Wednesday, March 25, 2009
Disrupting antibiotic resistance propagation by inhibiting the conjugative DNA relaxase
Scott A. Lujan, Laura M. Guogas, Heather Ragonese, Steven W. Matson, Matthew R. Redinbo,
PNAS 2007 vol. 104 no. 30 12282-12287
Since mid sixties when so-called “R factors” were found to spread antibiotic resistance between different bacterial strains, lots of effort has been put on finding the simplest and universal method to stop horizontal plasmid transfer. Many papers described the effect of various substances on conjugation. Many substrates have a detrimental effect on plasmid transfer just by influencing the bacterial propagation and general life functions. Sometimes the results could be quite surprising and unexpected, but some ordinary everyday products like green tea (epigallocatechin gallate), coffee (caffeine), and papaya seed macerate can inhibit conjugation and ipso facto spreading of an antibiotic resistance. The most common approach to this kind of study is just to add the material under investigation to the conjugation mixture and evaluate plasmid transfer efficiency over a time. Conjugation is a very complicated, multistep process. The functions necessary for conjugation are encoded by plasmids and do not depend on the host. Many studies have been done to establish the function of particular genes. One of the most important proteins involved in plasmid transfer is a DNA relaxase. The conjugative relaxase initiates DNA transfer with a site- and strand-specific ssDNA nick in the transferred strand (T-strand) at the origin of transfer (oriT), forming a covalent 5′-phosphotyrosine intermediate. The nicked T-strand moves from the donor cell to the recipient cell via an intercellular junction mediated by a type IV secretion system. The relaxase completes DNA transfer by reversing the covalent phosphotyrosine linkage and releasing the T-strand. In the F plasmid, this relaxase is located in the N-terminal domain of a large multifunctional protein, TraI (DNA helicase I). The relaxase active site contains one or several tyrosine residues: F-like relaxases (found in IncF, IncN, IncP9 and IncW plasmids) contain 2 to 5 tyrosines while relaxases of IncQ, IncP, IncI plasmids and Ti plasmid of Agrobacterium sp. possess only one. F-like relaxases encoded by the traI gene shares significant sequence identity with relaxases of many R plasmids (e.g., 98% with R100 TraI); thus, the F plasmid serves as a model system for examining conjugative plasmids and the inhibition of conjugative transfer.

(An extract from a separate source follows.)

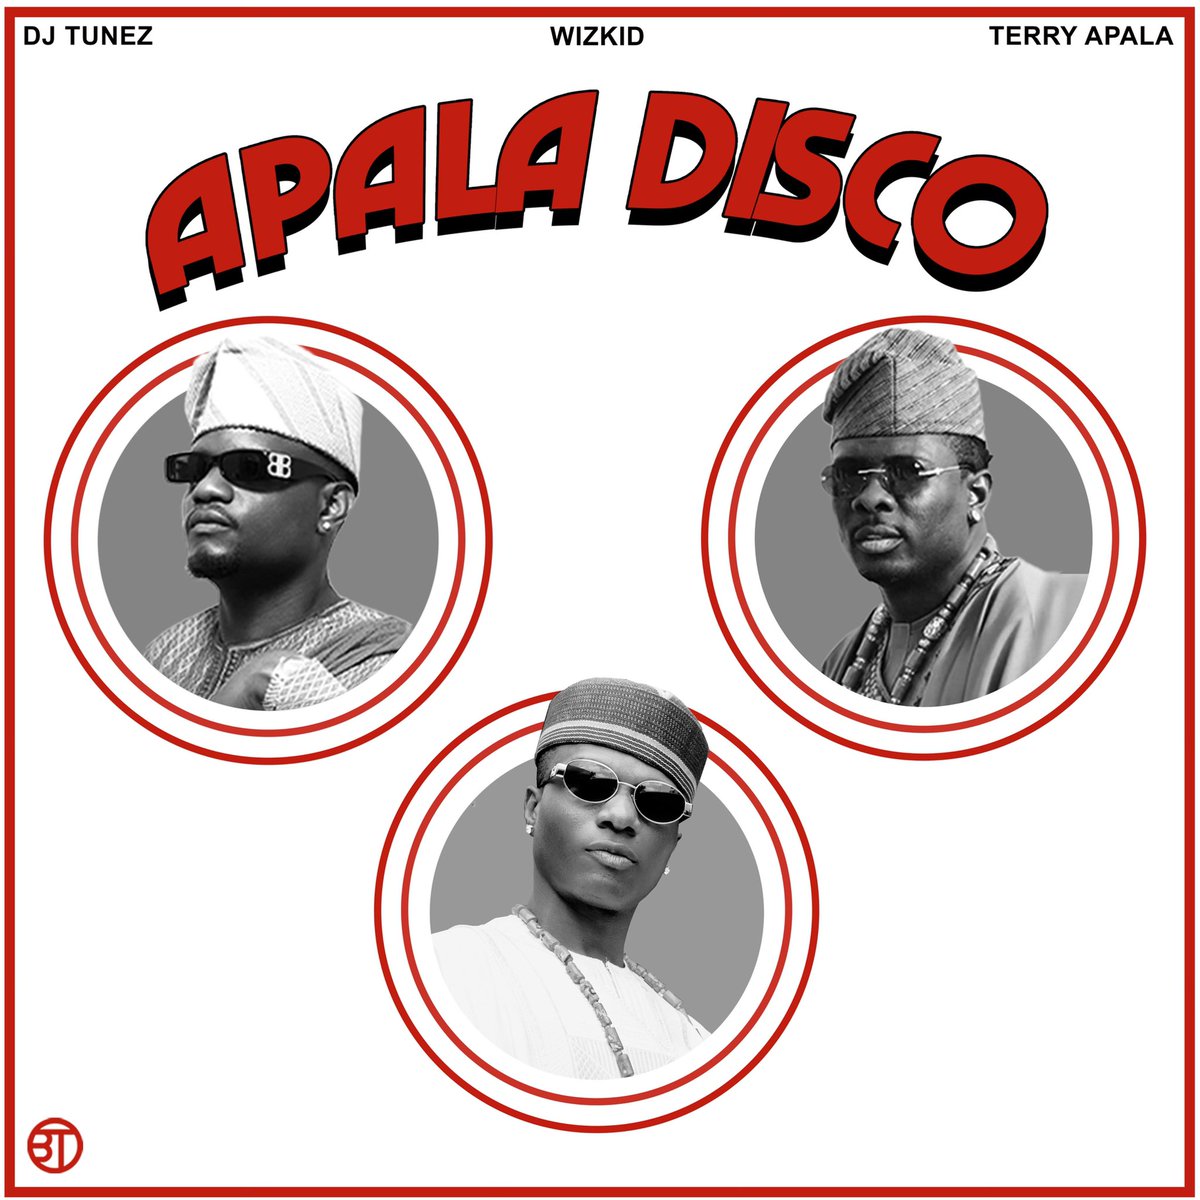 DJ Tunez w/@iam_TerryApala x @wizkidayo “Apala Disco Remix” drops tomorrow. 🌴

In this study the authors first describe the role that the relaxase enzyme plays in the initiation and termination of DNA conjugation and then use that information to identify potent relaxase-specific inhibitors. This is the first paper which described a bottom-up approach to identify the first small molecule inhibitors of conjugative DNA transfer.
The authors determined the 2.4-Å crystal structure of the 300-residue N-terminal relaxase domain of F plasmid TraI and found it similar to other, previously described relaxase domains. They found that the tyrosine at the active site is responsible for binding the oriT thymidine. Based on electron density they found presence of a divalent cation in the active site and identified it as Mg2+. A survey of magnesium-binding proteins in the Protein Data Bank revealed that the chelation of Mg2+ by neutral amino acid residues is diagnostic of a site that simultaneously binds to multiple phosphate groups. Mutation of the metal-chelating residue histidine-159 to glutamic acid eliminated relaxase activity. These data indicated that the 2+ charge on the bound metal ion is critical to relaxase function. The proposed models for relaxase role in binding DNA strands during conjugation suggested that relaxase binds two phosphate groups. To prove this theory authors used a simple and relatively stable bisphosphonate – imidobisphosphate (PNP) molecule and found that at nanomolar concentration PNP inhibited relaxase activity in vitro. Further studies established that relaxase can be effectively inhibited by substrates where two phosphonate residues are separated by three or fewer atoms and have no additional negative charge at pH 7.4. Five additional inhibitors were found: methylenediphosphonic acid (PCP), iminobis(methylphosphonic acid) (PCNCP), etidronic acid (ETIDRO), clodronic acid (CLODRO), and 1,2-bis(dimethoxyphosphoryl)benzene (PBENP). ETIDRO and CLODRO are bisphosphonates clinically approved as drugs used to treat bone loss by inhibiting farnesyl diphosphate synthase Two other inhibitors identified, PCP and PNP, have been used as radioisotope carriers in humans. The simplest inhibitors, PCP, ETIDRO, and CLODRO, were then characterized further by using a kinetic assay and exhibited purely competitive inhibition, with Kic,app values ranging from 3 to 145 nM. Taken together with the PNP results, these data validate the prediction that F-like conjugative relaxases can accommodate two phosphotyrosine intermediates simultaneously within their active sites. Significantly, these data also establish that bisphosphonates (including clinically approved compounds) potently inhibit the in vitro relaxase activity of F TraI with Ki values in the nanomolar range.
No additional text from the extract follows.